Creativity thrives under constraints — in fact, many suggest creating constraints as a strategy to increase creativity and drive new approaches. So it is no surprise that shelter-in-place orders and social distancing measures have driven a profound shift in how content is conceived, produced, and consumed.
I reached out to Scott Newman, the creator and organizer of On-Air Fest, a festival that celebrates the ‘creatives edge’ of audio and whose live events are rooted in authenticity and intimacy, to talk about the shift in the cultural and creative landscape and the implications for podcasting.
“What I find really interesting is the creativity that’s happening. You know, on one hand you could say creativity’s over. We can’t gather, we can’t broadcast, we can’t produce anything. And then on the other hand, you can be creative with just the microphone in front of your mouth. If you have an idea, if you have something that you want to say, if you have a point of view, how do you present that? I don’t know that you need all the bells and whistles to be able to do that. So we’re seeing creativity being elevated and challenged at this time. Are you funny enough? Are you interesting enough?”
Spectacle has been replaced with intimacy
“You can’t go and put on a big spectacle like a live concert — there are no crowds, there are no giant lights or sound systems, and there are no dancers. Now, if you’re a musician and you’re doing a performance, you’re doing it in your living room with no makeup.”
Scott’s right. And these stripped down performances have unique appeal. Instead of a stadium tour, we got to see the Rolling Stones perform remotely… and have we ever loved Charlie Watts more than watching him on the Global Citizen benefit concert playing “air drums?”
Throughout the lockdowns, musicians around the world have been staging intimate shows from their living rooms and connecting with fans in new ways. Vancouver musician Dan Mangan even has a specialized business, Side Door, that helps artists and fans connect online when they can’t connect in person.
“Hosts” have become humans
Late night television has evolved during the pandemic as well, with hosts broadcasting monologues from their living rooms — or in the case of Seth Myers, his attic — with no audiences, no bands, no wardrobe, and no makeup.
And what’s the result? We’ve been able to see an entirely new side of them. Without the distance of a host being on stage and performing to a crowd, we are connecting with them much more intimately. Stephen Colbert’s dog regularly intrudes into the taping of the show and his wife recently brought him out a birthday cake.
Seth Meyers’ children burst out of hiding places in his attic, and revealed a side of Seth we might never see in a traditional studio setting.

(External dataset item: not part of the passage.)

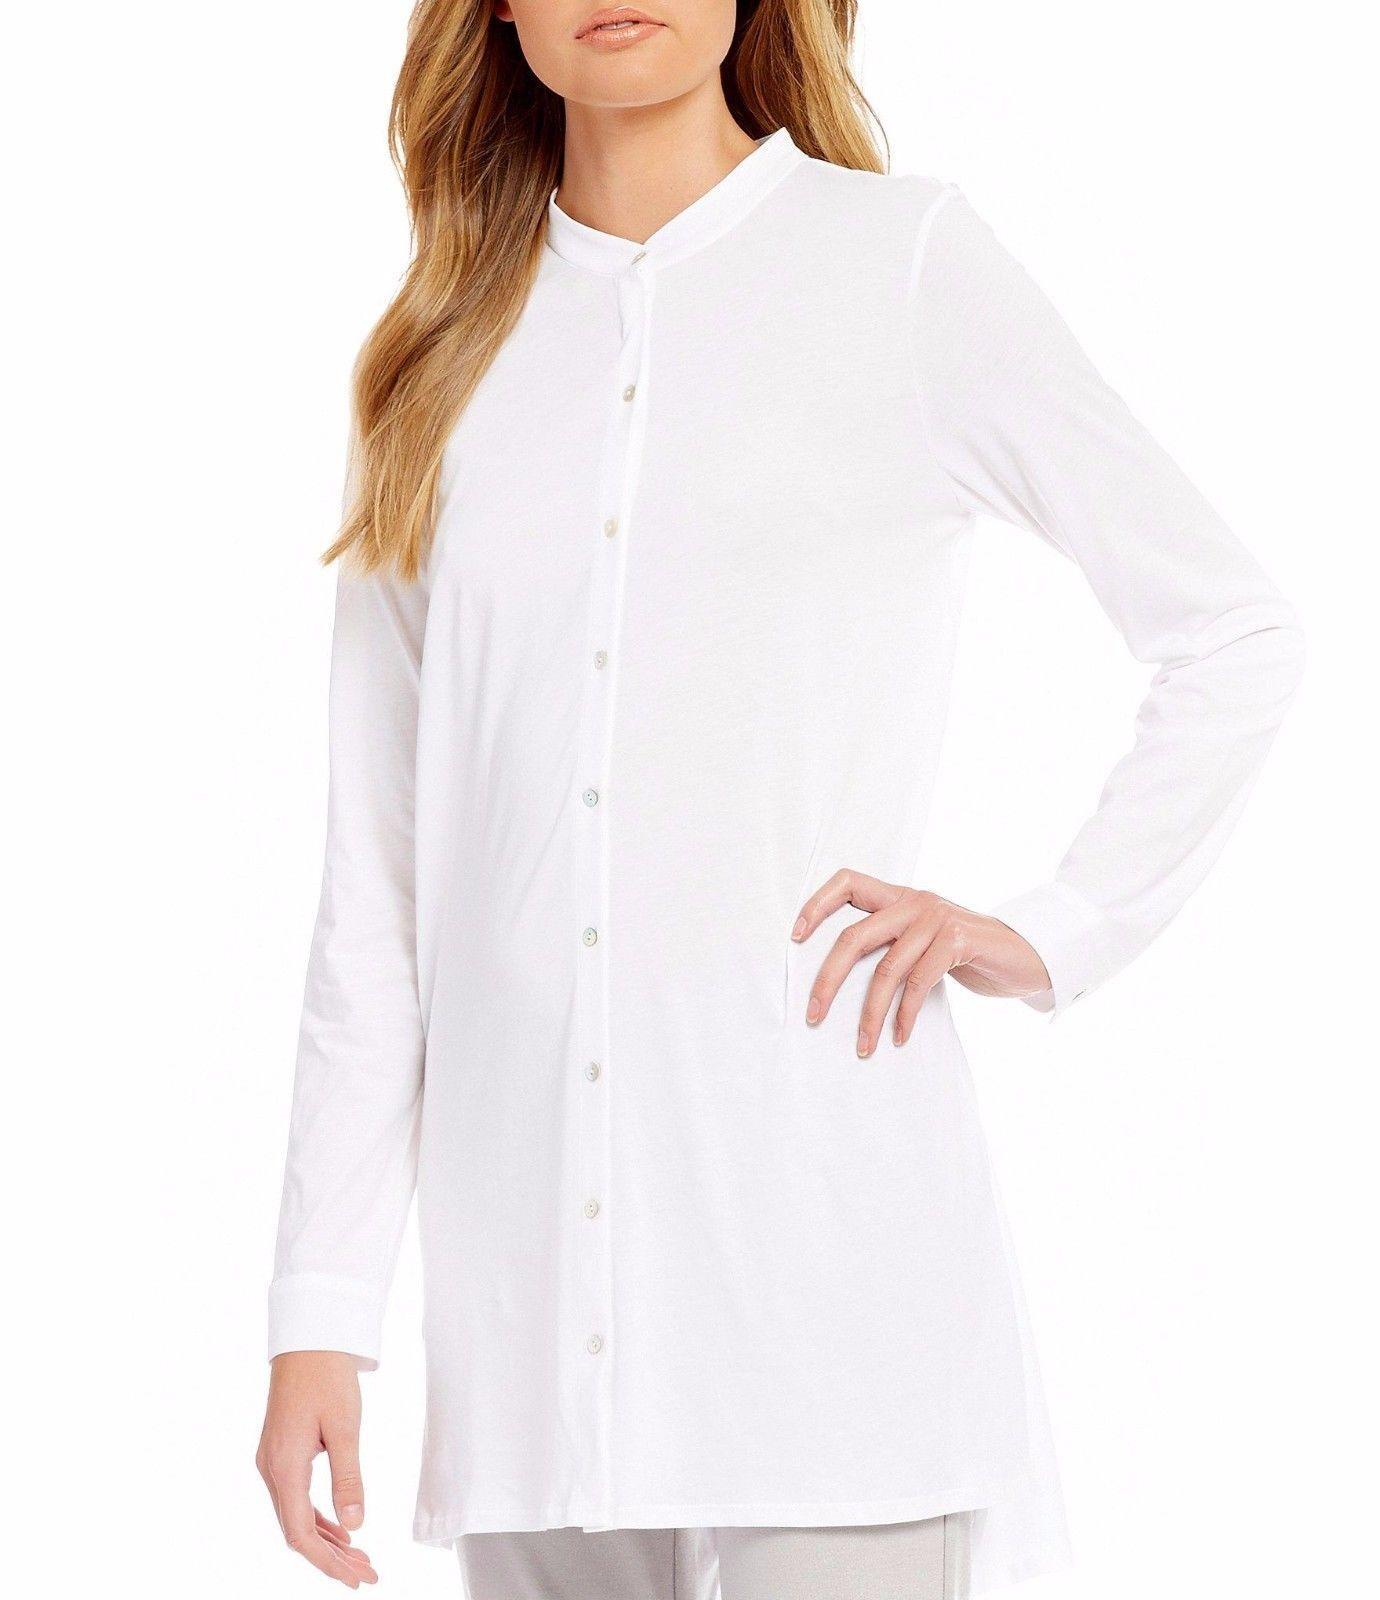 Eileen Fisher White Cotton Jersey Mandarin Collar Tunic Top XXS, XS, L

On-Air Fest founder Scott Newman sees this as a humanizing win for late night and celebrity culture in general: “As much as we like to elevate our heroes and our celebrities, I also think we want them to be back down on our level, you know? We really like to see ourselves a little bit in our heroes.”
Perfection has been replaced with a celebration of imperfection
Celebrity culture has long cultivated a culture of aesthetic superiority — perfect hair, perfect skin, perfect teeth, perfect abs… the list goes on. We have been obsessed with humans who are almost inhuman.
And that, too, is shifting during COVID-19. Eva Longoria dyed her own hair… at home… on Instagram… for Loreal. She showed off her gray roots and created a lot of fans in the process. (h/t to Shira Atkins!)
Authenticity and podcasting
So what does this have to do with podcasting?
Authenticity and intimacy are what podcasting does best. Scott has a great way to think about how to find authenticity for yourself as a podcaster:
“I always come at it from a place of point of view. What is the story that needs to be told now? And that can only be told by you. What is it that I can uniquely bring to this conversation? And when I think about authenticity, it’s not just being honest and vulnerable, which is all very wonderful and really can be endearing and bring people closer to you. But it’s also asking what is the true value that I’m adding to this? And is there something I can bring to the conversation that nobody else can bring?”
This is a moment when audiences crave real people sharing their real lives and real stories. This doesn’t feel like the time for overproducing a show. It doesn’t feel like the time to try to sound more like a professional host. It doesn’t feel like the time to sound to be like another podcast that is popular.
This is the time to be 100% you and this is the time for you to own it.
As Scott puts it:
“How real is your story? Can you truly express yourself without all those other enhancements? Can we tap into the theatre of the mind? In the COVID-19 period we are in, you have to ask yourself — is your thing interesting enough? Are you bringing enough value to me as a listener? Are you teaching me something? Do you have a point of view because maybe just being sexy and beautiful, or in the world of brands just doing like cool advertising or like flashy stuff… that doesn’t cut it anymore.”
If you’re a podcaster, could there be a better time to lean into authenticity and embrace the key strengths of audio?